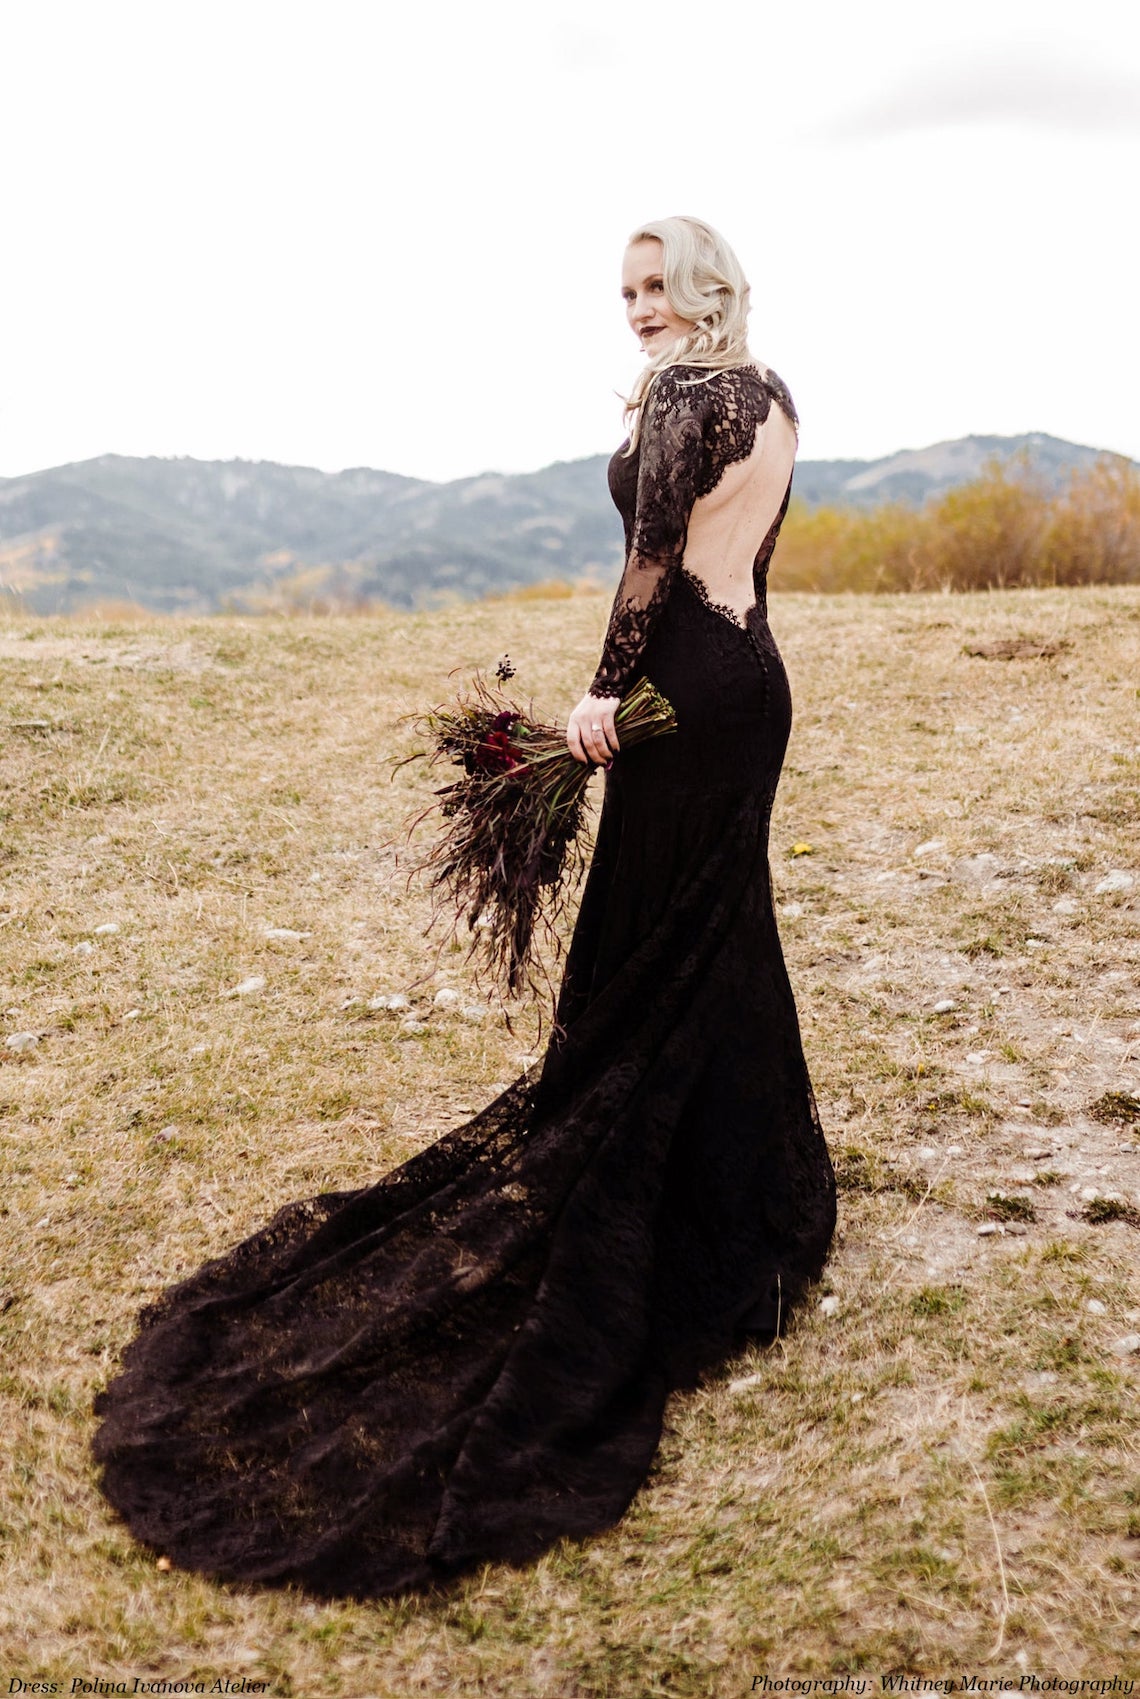 Polina Ivanova Backless Gothic Black Wedding Dress Gorgeous Black Wedding Dresses for the Alternative Bride Bridal Musings - 30 chiếc váy cưới màu đen mà chúng tôi yêu thích cho cô dâu thay thế
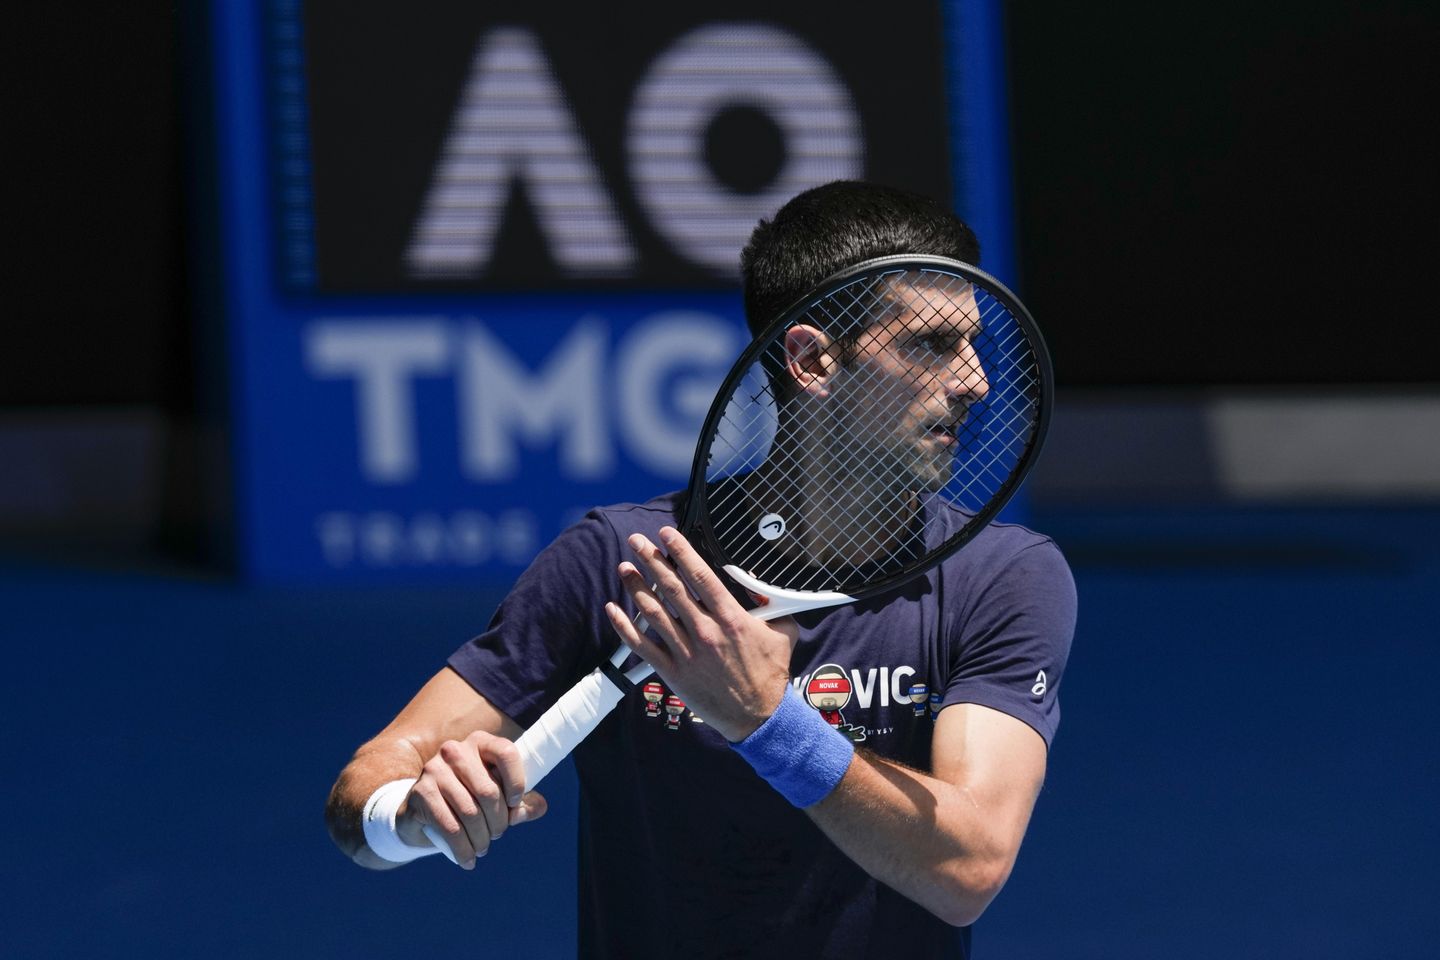 Descartado: Australia deporta a Djokovic por no estar vacunado
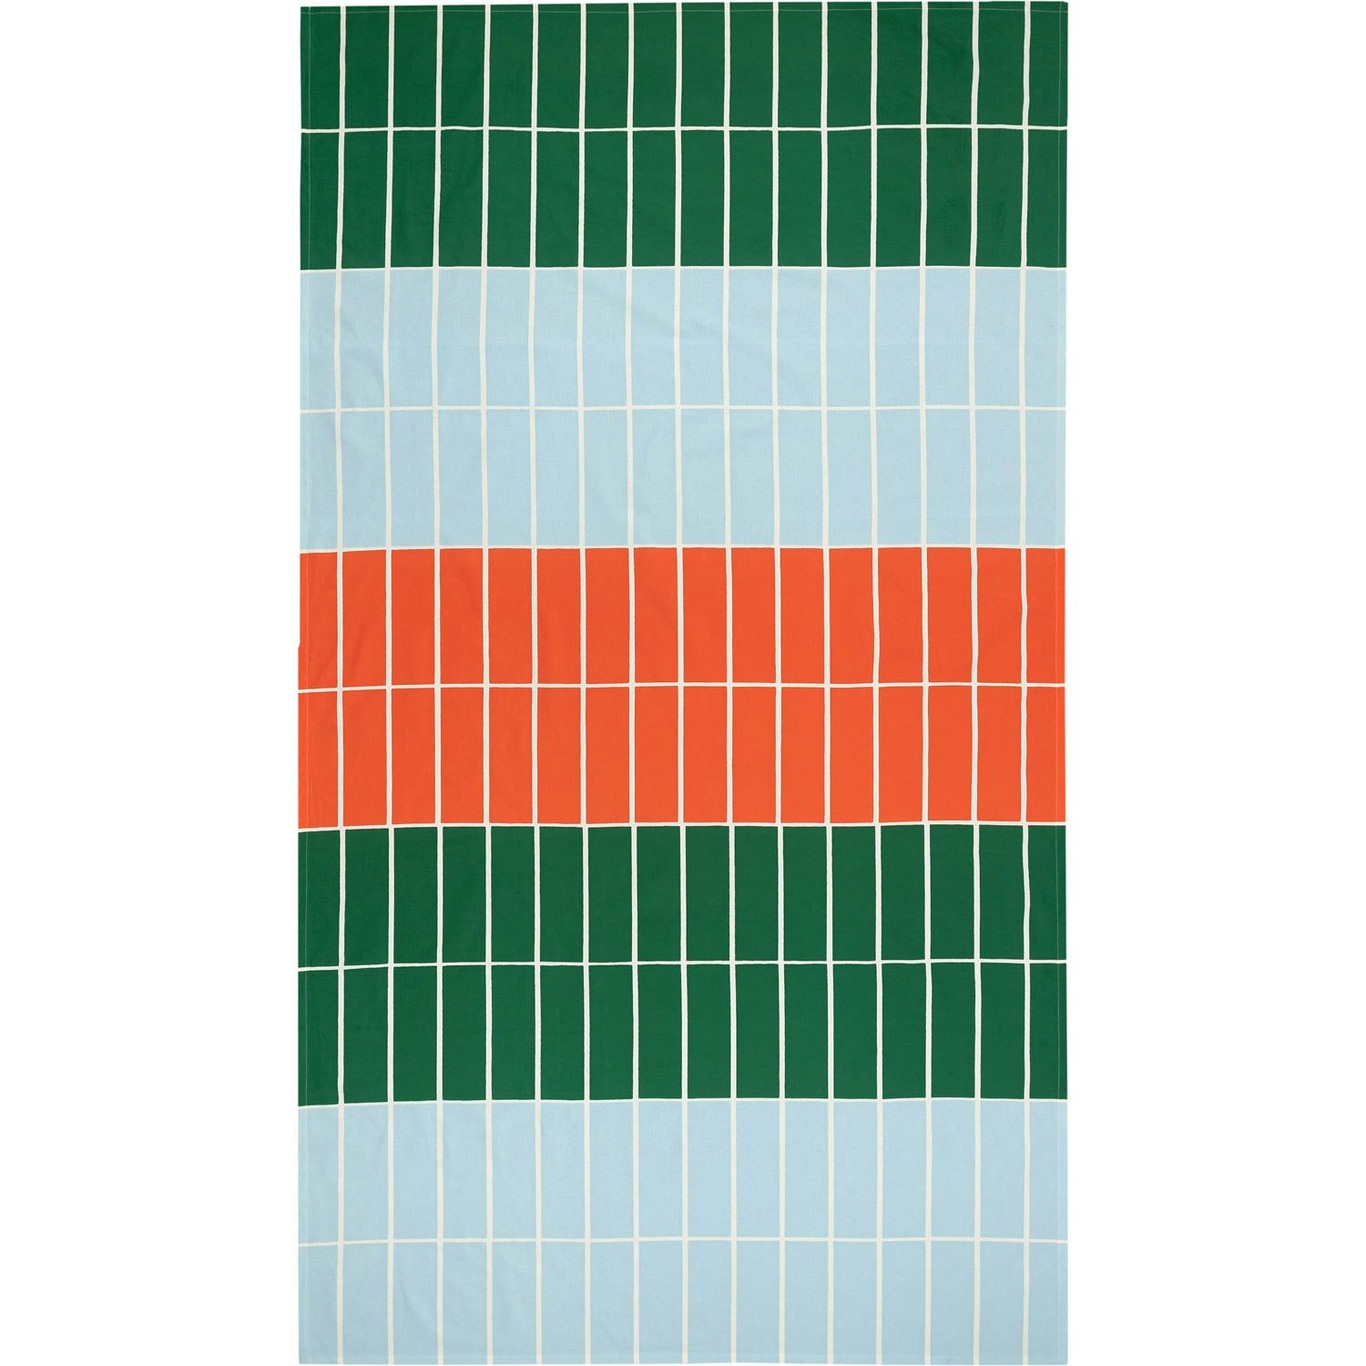 Tiiliskivi Duk 135x245 cm, Oransje / Lyseblå / Grønn

··········

= Task prompt =
Although the material contains pictures, only the lines are to be written out, exactly as they stand.

= Problem solution =
 Polina Ivanova Backless Gothic Black Wedding Dress Gorgeous Black Wedding Dresses for the Alternative Bride Bridal Musings - 30 chiếc váy cưới màu đen mà chúng tôi yêu thích cho cô dâu thay thế
 Descartado: Australia deporta a Djokovic por no estar vacunado
 Tiiliskivi Duk 135x245 cm, Oransje / Lyseblå / Grønn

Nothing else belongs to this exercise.